It was not the Island of St. Paul’s. That I knew. It was, therefore, Amsterdam Island; and, filled as I was with anxiety and distracted by many contending passions, a momentary emotion of pride swelled my heart when I beheld that island, scarcely five miles distant, within three points under the bows of the little brig.
Yan Bol stood beside me with folded arms. The ear-flaps of his hair cap helmeted his face; his skin was green with the faint light ahead; he looked like a mariner of Tromp’s day in casque-like cap.
“So dot vhas der island? Dot vhas New Amsterdam, hey? Potsblitz! Vhas not der Doytch everywhere in her day? But dot day vhas gone. Und dot vhas der island, hey? Vell, she vhas in good time, und I likes der look of der vetter. Vhere vhas der landing-place, I fonders?”
I told him I couldn’t say; I was without a chart of the island. Its configuration, to our approach, was that of a lofty mass of coal-black rock southeast, with a down-like shelving of the stuff into the interior, and a facing seaward of rugged, horribly precipitous cliff. I should say it scarcely measured five miles north and south. The ocean looked lonely with it, as a babe makes lonelier the figure of the lonely woman who carries it; the melancholy picture of the deep at that moment—of that picture of faint green dawn blackening out the forlorn pile of island and the indigo sweep of the sea-line on either hand of it, and all astern of us the thickness of the smoky shadows of the departing night—is indescribable.
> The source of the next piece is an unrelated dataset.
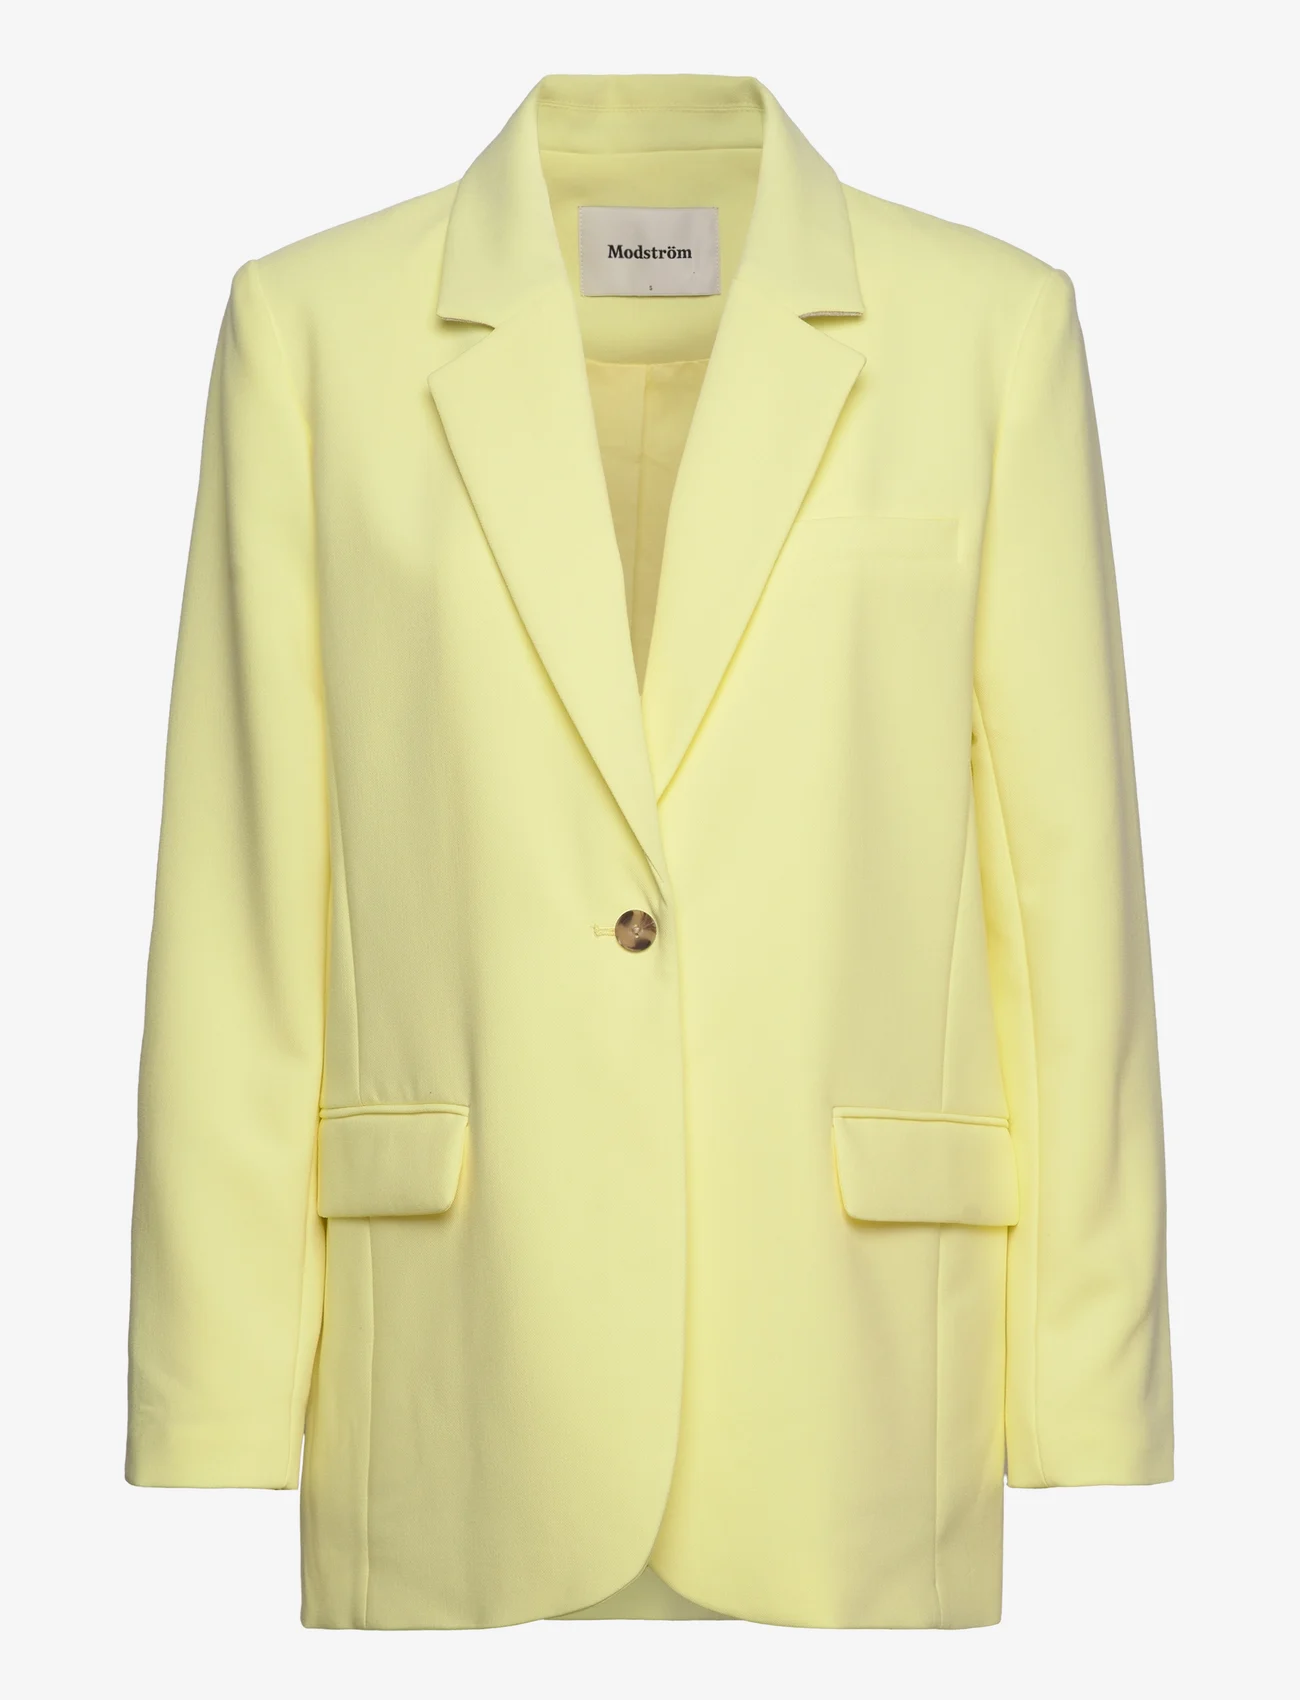 Modström - Gale blazer - odzież imprezowa w cenach outletowych - yellow pear - 0

The sun rose right behind the island. It shot out a hundred beams of splendor before lifting its flaming upper limb; it was then a fine morning; the water of this Indian Ocean brimmed in a dark and beautifully pure blue to the base of the iron-like steeps; the flash and dazzle of rollers were visible at points, the sky was hard and high with a delicate shading and interlacery of gray cloud, and the wind was small and about northwest.
I looked south for the Island of St. Paul; it was invisible from the altitude of our deck, though I dare say on a fine, clear day it may be seen from the top of Amsterdam Island.
“Vere vhas the landing-places, I fonders,” said Bol.
I fetched the glass and carefully covered as much of the island as our bearings commanded. While I kneeled I felt a hand upon my shoulder.
“Qué tiempo hace?” inquired the lady Aurora in a cool, collected voice, looking down into my face.
I answered in Spanish that the weather was fine and promised to keep so.